Однако нервным выпадам пана Мазурельского он ничего не мог противопоставить. Чех и сам знал, что дела пошли вкривь да вкось. Хуже всего, что понять, откуда взялась напасть, не мог ни сам Чех, ни все его люди. Можно сказать, весь город обшарили, во все щели залезли, и – ничего! Встает какой-то гад им поперек дороги, и нет с ним сладу.
– Не волнуйся, Барон, – обратился он к пану Мазурельскому привычным образом. – Найдем мы этого хитреца и примерно накажем. Все же не в убытке…
Пан Мазурельский возмутился искренно.
– Як то мам розумечь? Пенёндзы – то не вшистко! Мам гонору!
– Это точно, гонору у тебя, Барон, много… – сказал сосед Чеха слева и тут же получил локтем в солнечное сплетение. Чтоб помнил: говорить за столом не всякому положено.
– Я вот что надумал, – сказал Чех, поигрывая чашкой. – Надо нам толковую голову найти. Такую, чтобы за троих думать могла. Вот тогда этот ловкач нам попадется. А уж мы взыщем…
– Взыщем! – передразнил пан Мазурельский. – Что я в Варшаве миру расскажу? Как людям в глаза смотреть буду? Чтобы гастроли Барона так провалились? Позор, одним словом… Нигди тэго не запамьетам…

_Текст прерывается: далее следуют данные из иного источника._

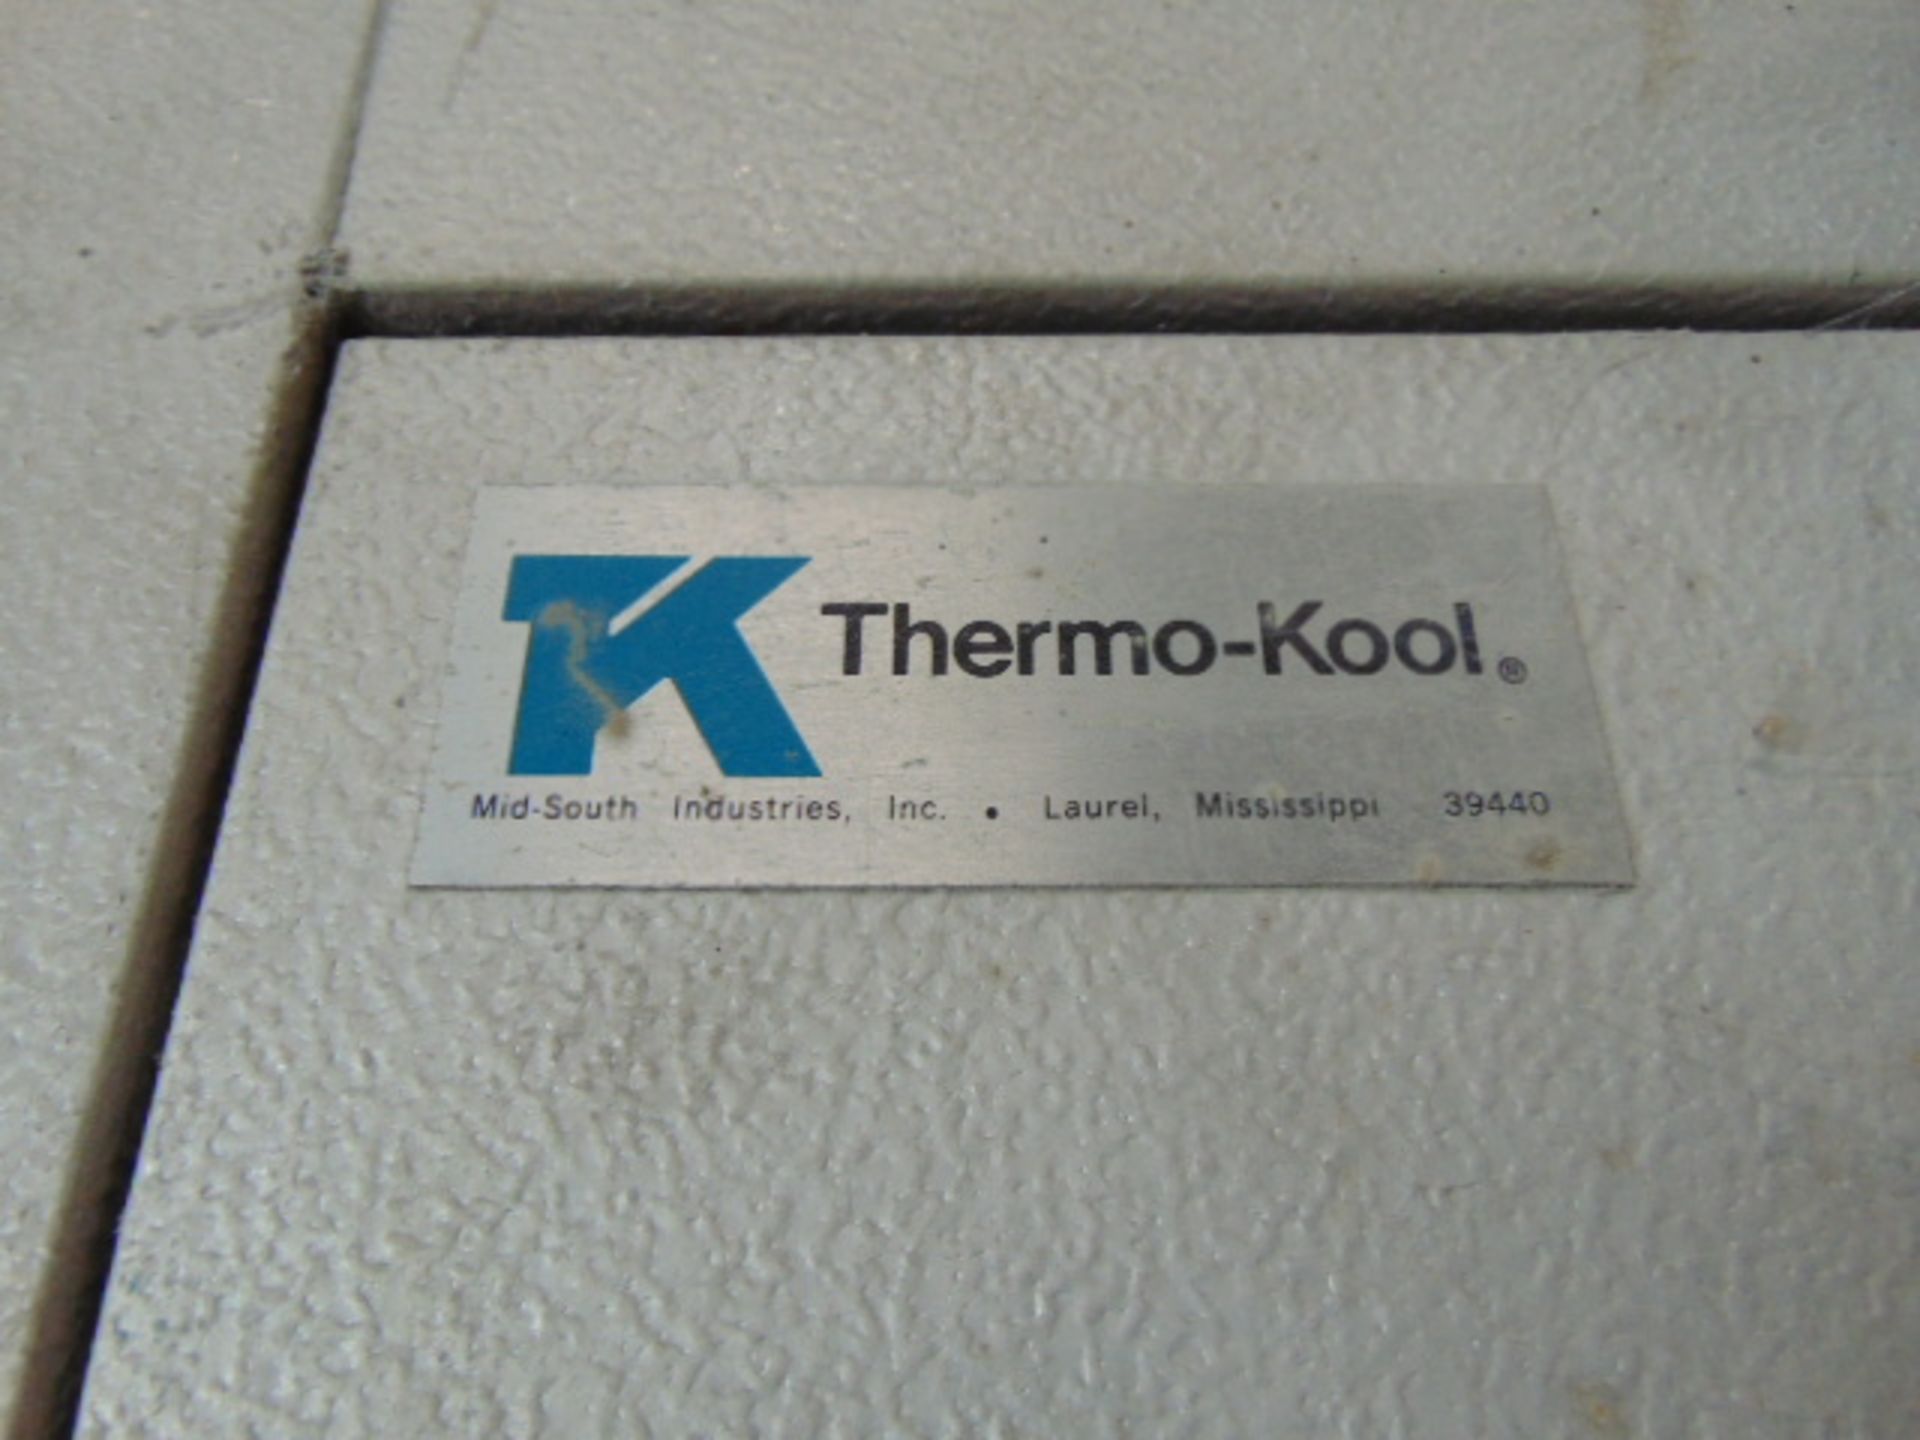 THERMAL-KOOL WALK-IN COOLER, approx. 6’W. x 12’ dp., unitized chiller, insulated panel - Image 3 of 7

Чех и сам подумал, что не сможет «запамьетать». Чего доброго, такая слава пойдет, что и в петлю полезешь. Надо принимать срочные меры. Иначе не пан Мазурельский обидится, а мир воровской. Свои шутить не будут. Тут и умной головы не сносить…

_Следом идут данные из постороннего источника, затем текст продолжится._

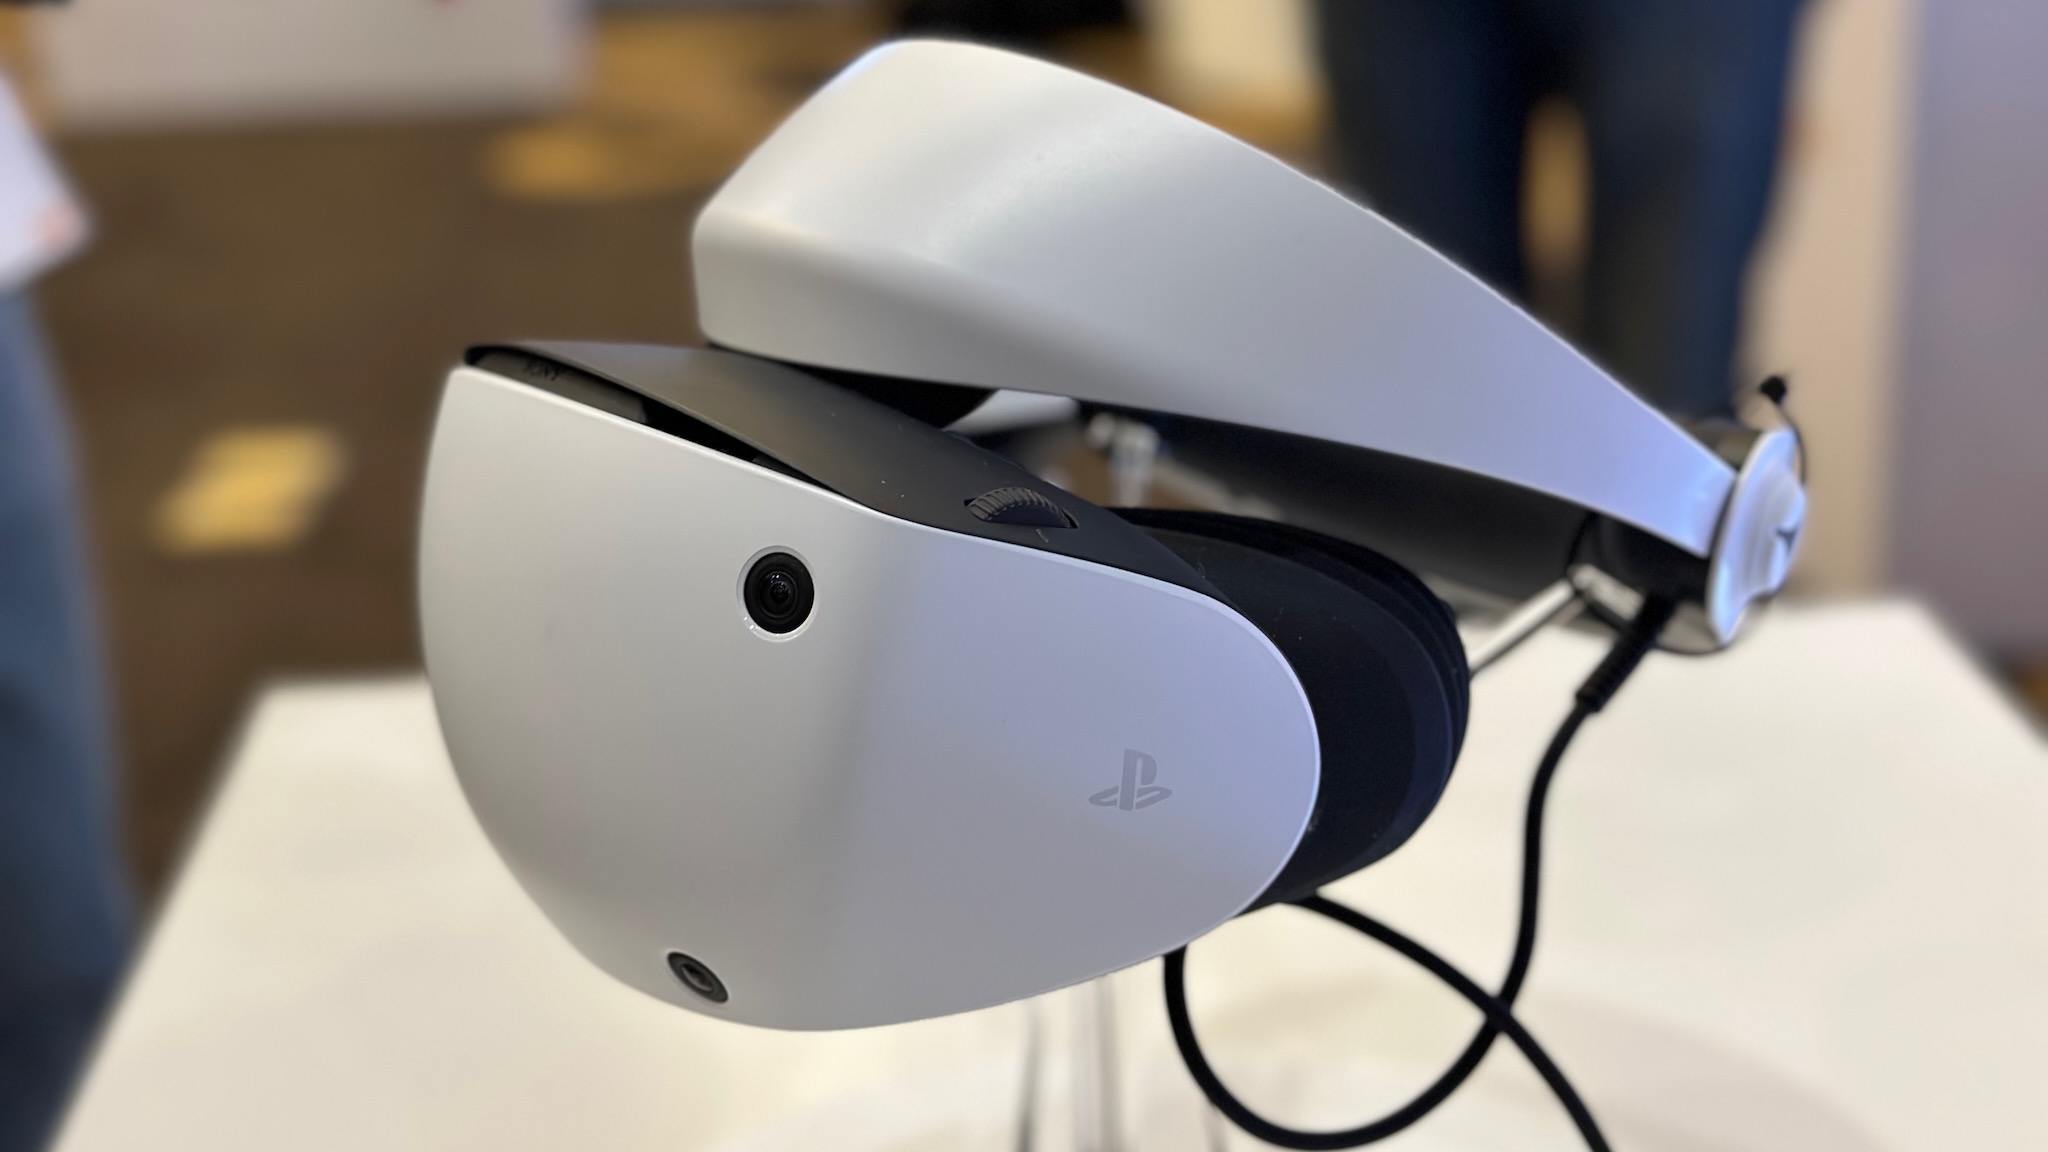 Sony launches PlayStation VR2 headset in India, and it's not cheap

У театра-сада «Аквариум», куда привезла пролетка, не было городовых, не бегал взволнованный околоточный, не вышагивал мрачный пристав. То есть не наблюдалось обычных признаков совершенного преступления.
Вместо пристава напротив ажурной арки возвышалась фигура в идеально сшитом костюме, с брильянтовой заколкой в галстуке. Пройти мимо нее было невозможно. Господин поглядывал на спешащую публику свысока, поигрывая сигарой, зажатой в зубах, и одарял проходящих дам такой блистательной улыбкой, что те невольно оборачивались, хоть и держались за локоть своих спутников. Одна рука господина внушительно уперлась в бок, зато другая покорно держала потертый саквояж желтой кожи. Никто другой не смог бы привлечь к себе столько внимания, как господин Лебедев. Великий криминалист был в отличном расположении духа, цвел как майская яблоня и сверкал глазами, хотя откуда бы взяться в них блеску, не из хрусталя же они.

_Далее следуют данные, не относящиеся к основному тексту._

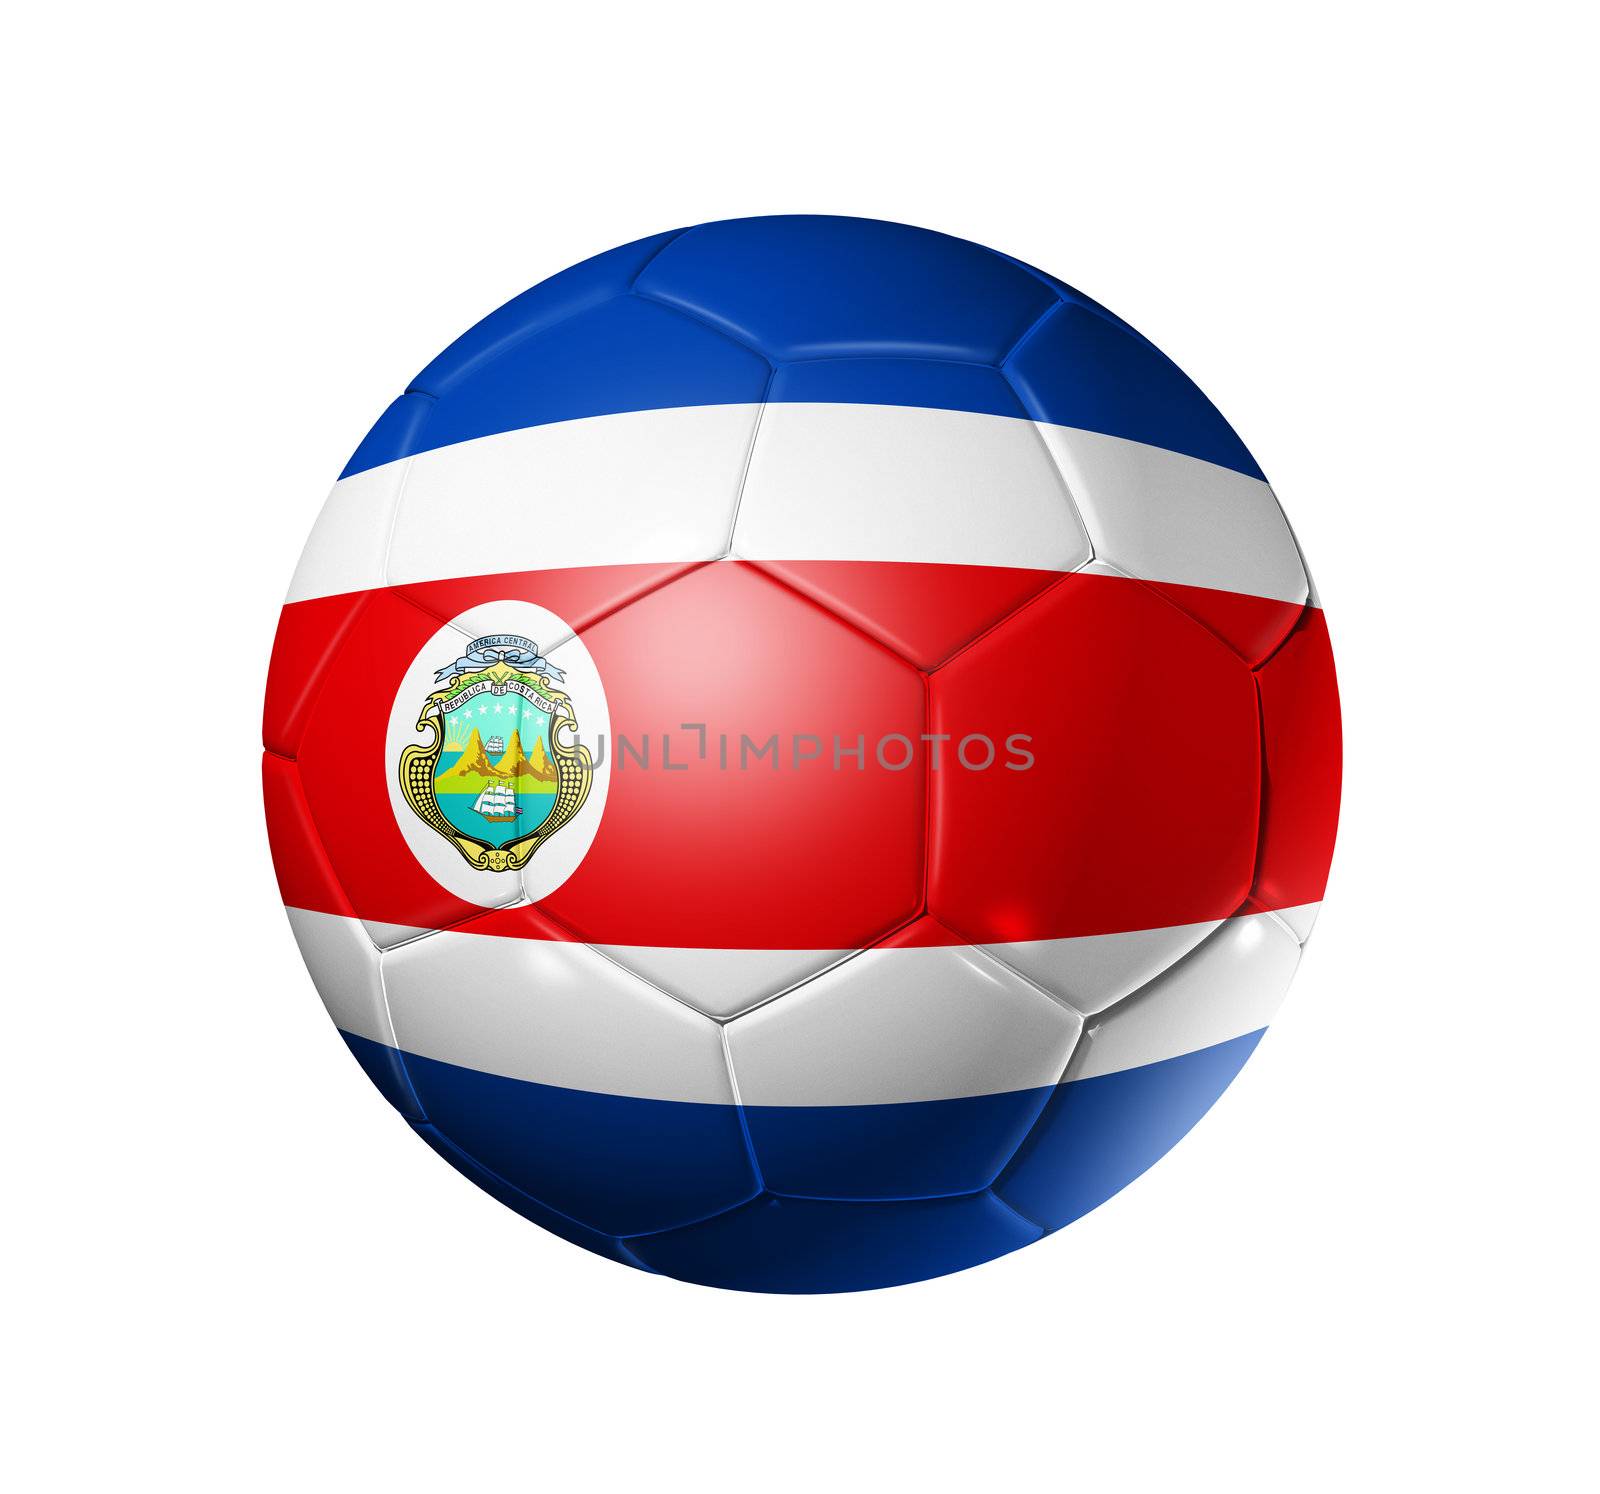 3D soccer ball with Costa Rica team flag. isolated on white with clipping path

Заметив подъехавшую пролетку, он замахал так отчаянно, словно давал сигнал бедствия с тонущего парохода. Ванзаров не успел и рта раскрыть, как его довольно грубо схватили за локоть и потащили в сад.
– Потом, потом, все сами увидите! – отмахивался Лебедев от робких попыток узнать, что же случилось. – Чуть не опоздали!
Убийством или хотя бы завалящей кражей здесь и не пахло. Публика мирно и бойко рассаживалась за столиками, дамы смеялись, господа заказывали шампанское. Лебедев потребовал терпения и послушания, иначе грозил обидеться смертельно. Оставалось сдаться на милость старшего друга. Ванзаров уселся на хлипкий стульчик, мало подходящий для чиновника полиции, и решился терпеть все, что бы ни было ему суждено. Видно, день такой. Пусть будет театр-варьете, если Лебедеву угодно. Все одно лучше, чем мучиться в сыскной.
– Коллега, друг мой, вы даже не представляете, какой сюрприз я вам приготовил, – сказал Лебедев, скроив столь загадочное выражение лица, что любая дама пришла бы в умиление. – Вы запомните этот день – 6 мая 1896 года – на всю жизнь. Внукам своим рассказывать будете, что присутствовали на историческом событии.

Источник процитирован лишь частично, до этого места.